Murphy is also intent on analyzing specific aspects of the Métis’ (persons of mixed European and Native American ethnicity) social and economic history. She explores the adaptability and creativity of Native American’s when confronted by alien people exploring and inhabiting their traditional homelands during the Fur Trade, the Lead Rush and finally the eventual immigration of the settlers that came to live there permanently as a result of American western expansion. Murphy also explores the influences of economy, government, social relation, gender, mutuality and hierarchy in both Native American communities as well as the ever-growing hybrid Creole communities.
Murphy begins her investigation with the Fur Trade and the relationships the French-Canadian trappers and the Native peoples of the area, the Sauks, Mesquakies, Winnebagos and others, developed. Throughout this section Murphy illustrates the Indian’s openness to trade and interact with the trappers. Murphy paints a picture of a developing cooperative for the reader. The Indians, with their established egalitarian societies and economic independence arrange marriages which, “allied…the French in the usual way by [Native women] marring a French army officer and fur trader” (28). The children of these marriages, Métis, not only shared the genes of two ethnicities, but would grow into a distinct culture all their own, the Creole.
In her second chapter, Creole Communities, Murphy describes the type of community that is developed out of this mixture of race and culture. She discusses the developing hierarchies of “elite” groups consisting of individuals that maintain lineage from leaders in the Indian tribes as well as French-Canadians decorated by European governments and militaries. She illustrates the adaptability of Native Americans through their adoption of dairy farming and the production of milk and butter, a custom completely foreign to Indians of the time. Murphy also discusses the traditionally Indian production of sugar that is continued by the Creole population as well as the existence of slaves from opposing tribes that were incorporated into their developing society. Murphy also gives the reader a glimpse of what is to come by briefly mentioning the advancing U. S. military into the western Great Lakes area, bringing with them a differing cultural and racial understanding.

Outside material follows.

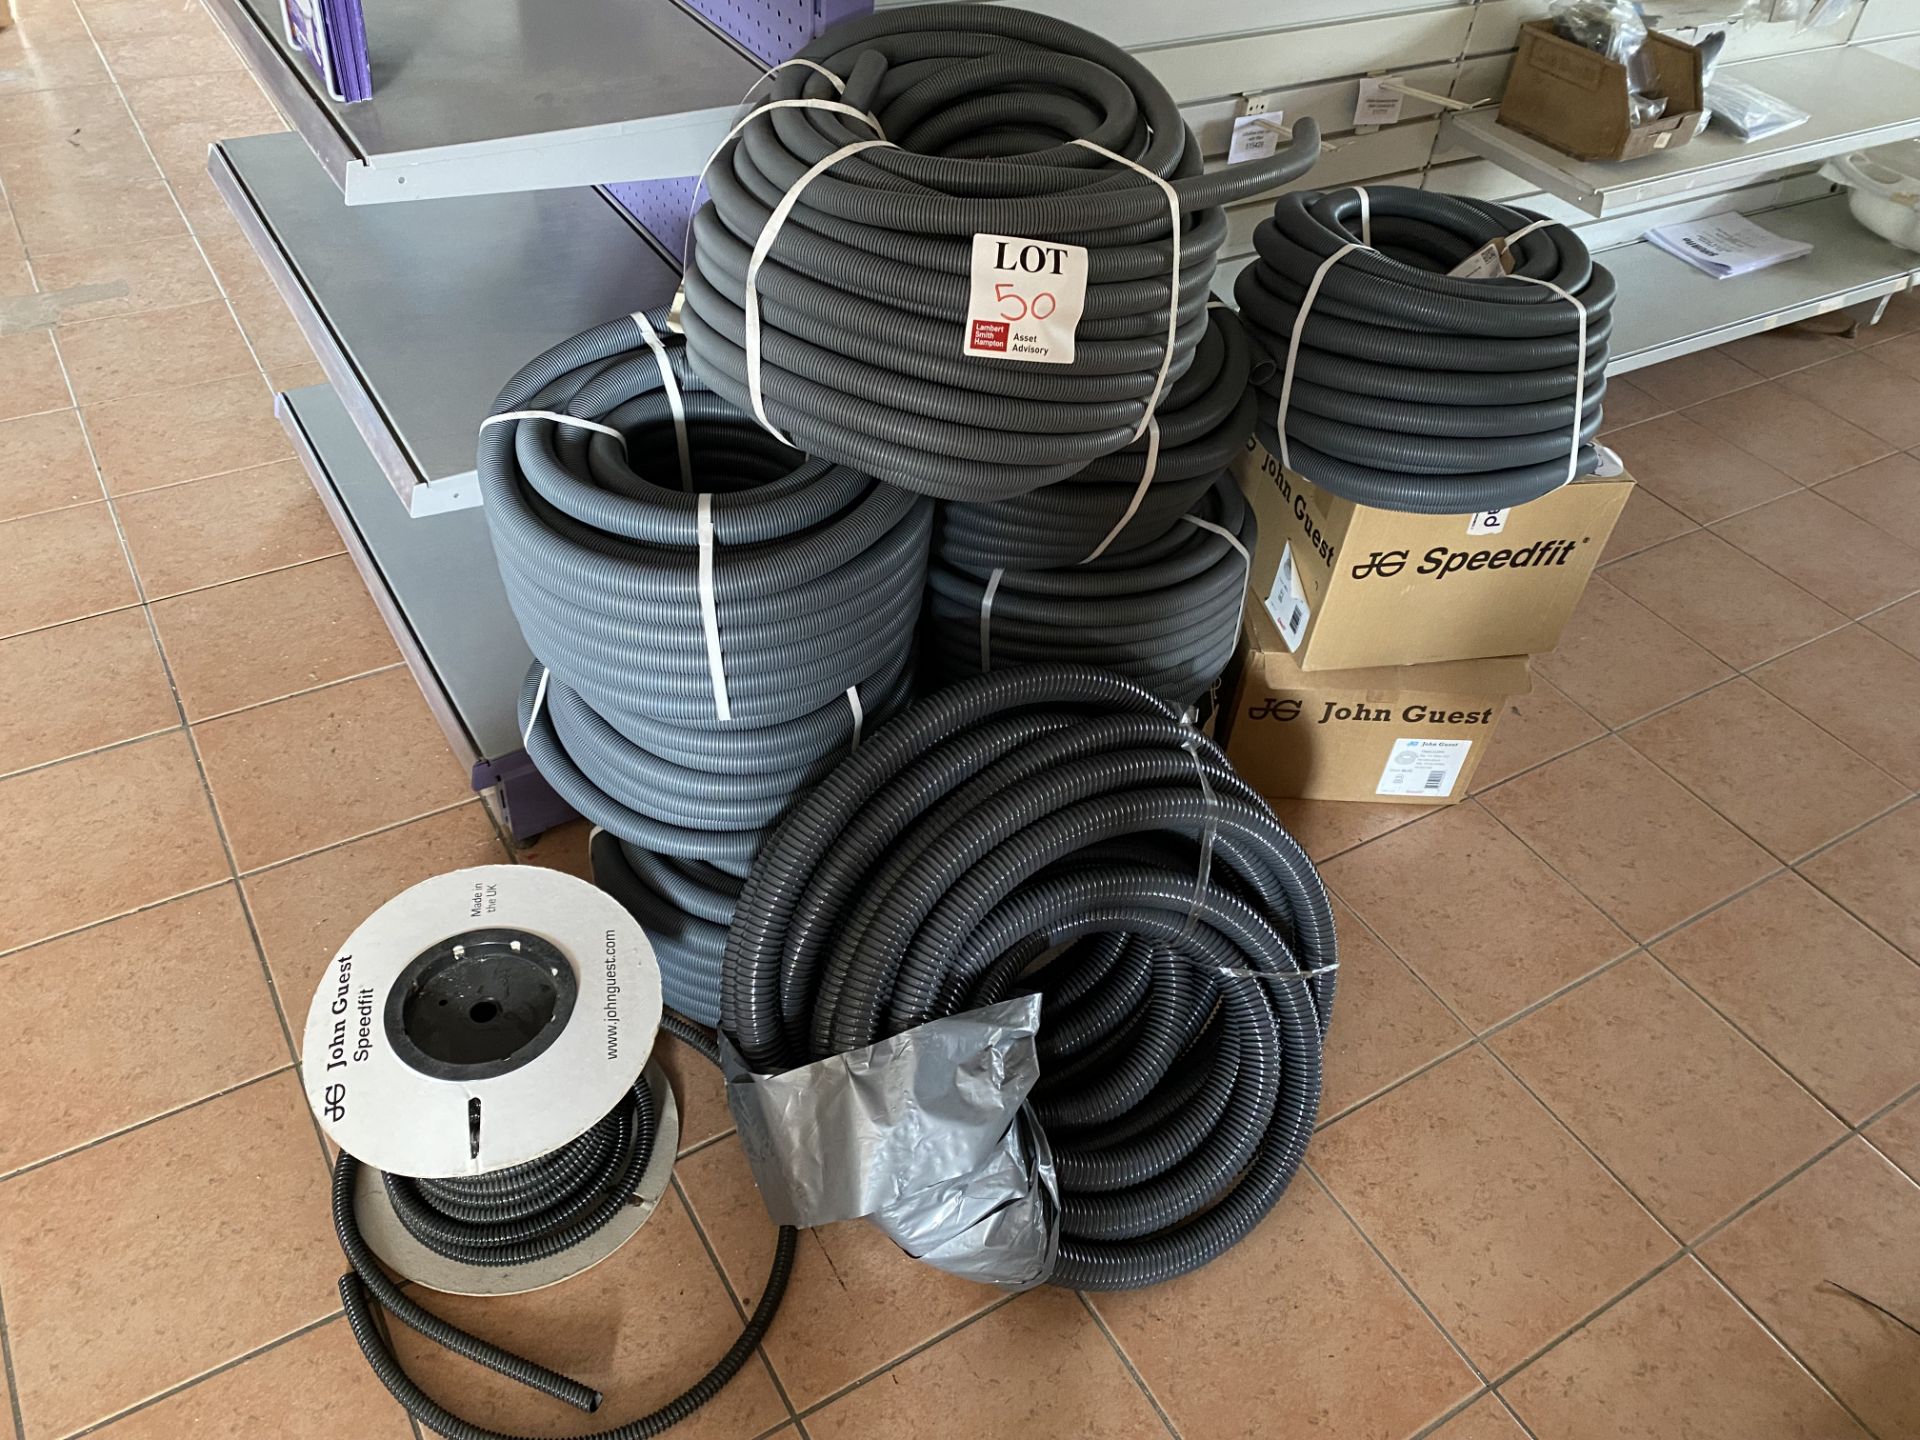 Approx ten reels of various sized plastic piping

In Part II of her text Murphy discusses the lead (galena) that is being mined by the Natives of the area. Here Murphy seems to skirt an interesting perspective that is discussed more thoroughly in Daniel Richter’s book, Facing East From Indian Country. Murphy argues that, “The French colonial presence increased both the Native and French demand for lead….French traders…bought lead…in exchange for trade goods….[yet] traders sold Indians a product that consumed lead: the gun” (81). This occurrence of supply and demand is an example of Richter’s argument that shortly after first contact with Europeans, it became almost impossible for Indians to live as they once did. Richter argues that the Native people became as dependent on the Europeans as they were on the Indians. The inclusion of this type of perspective, especially with consideration to the discussion of Creole society being created out of a “mixing” of culture would have been greatly beneficial to Murphy’s work.

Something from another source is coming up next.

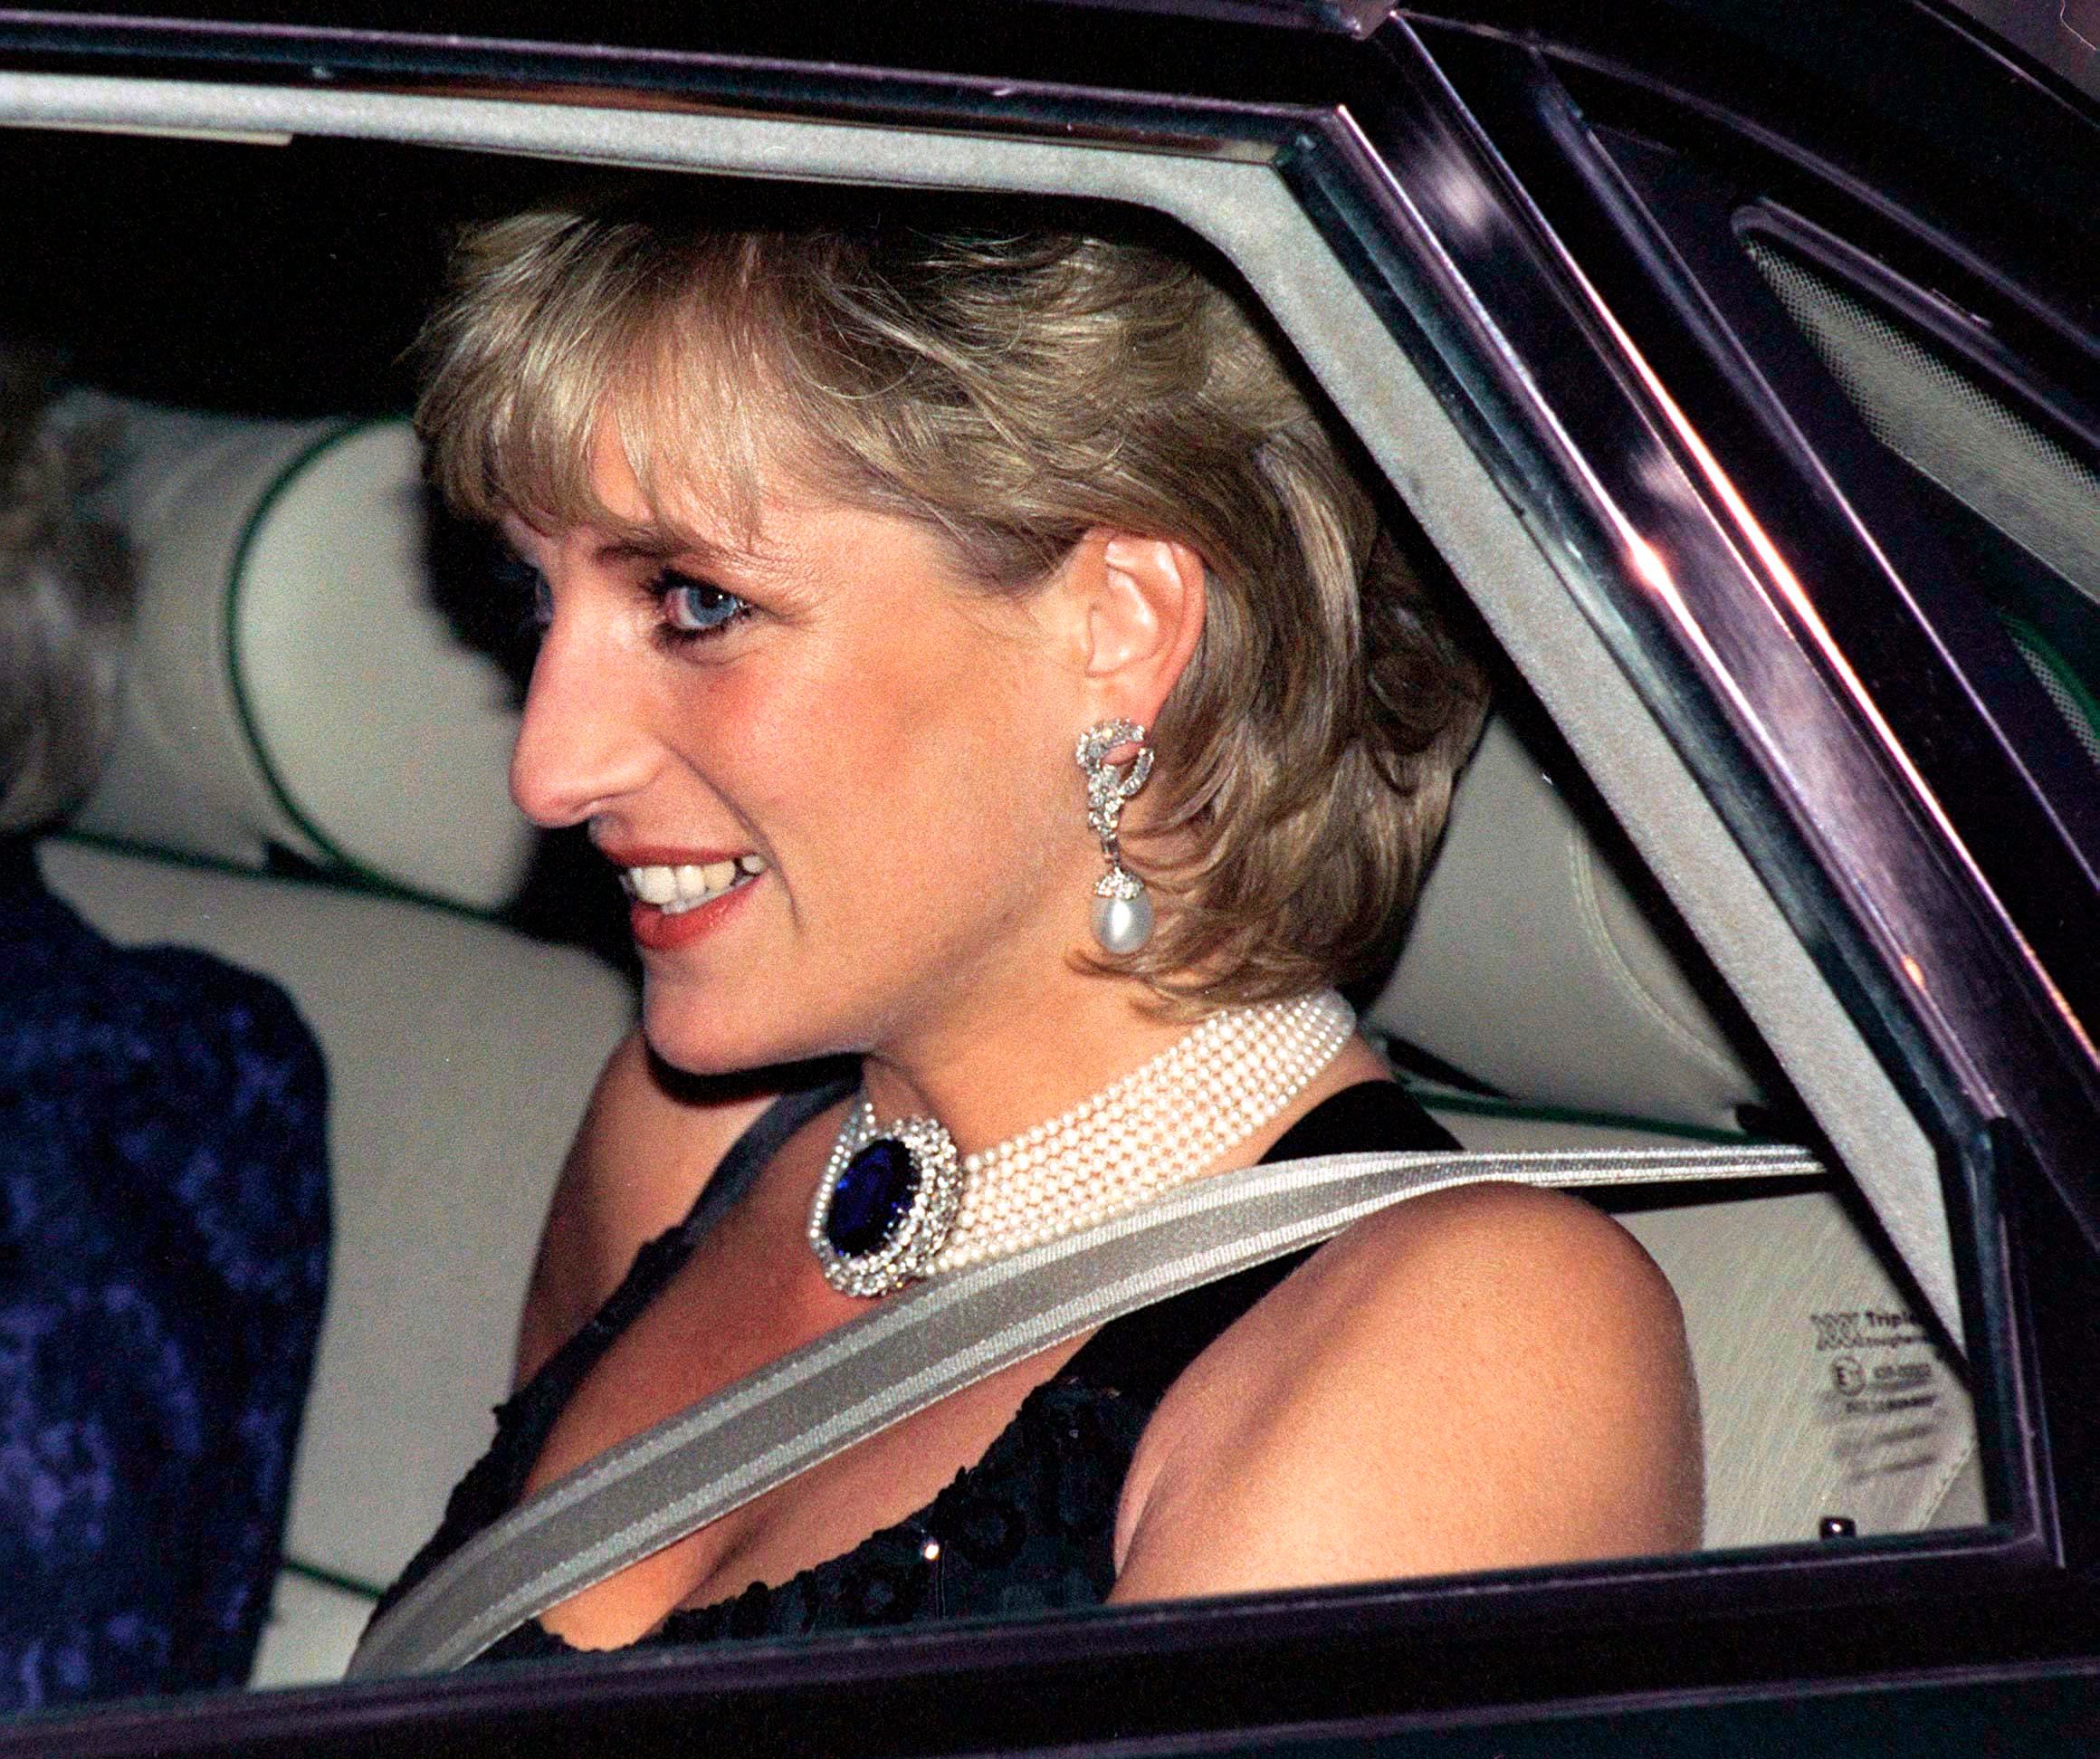 Princess Diana in the back of car with a seatbelt on

The chapter entitled The Lead Rush, is the defining factor of change and the end of Native accommodation for Murphy. As Murphy explains it, the Lead Rush was the first major introduction of Anglos into the western Great Lakes area. They were drawn there by the promise of wealth through the mining and production of lead. Murphy claims that the Anglo lead minors were predominantly males with either money to invest into the mining process, young adventures from the western frontier looking for independence or riffraff from the outskirts of the American territory (115-16). What these individuals brought with them, besides the desire to strike it rich, were new understandings of gender roles, values, government policies and communication. With these immigrants came the development of racism and prejudice not only toward the Native Americans but also against the Creole people. In addition, women’s roles within the communities began to change, as well as attitudes towards blacks that also immigrated into the area. Murphy argues that these Anglo lead rushers had no intention of staying in the area permanently and therefore lacked efforts to assimilate with the established cultures. Unfortunately for the permanent residents of the area, this was only a preamble of what was to come.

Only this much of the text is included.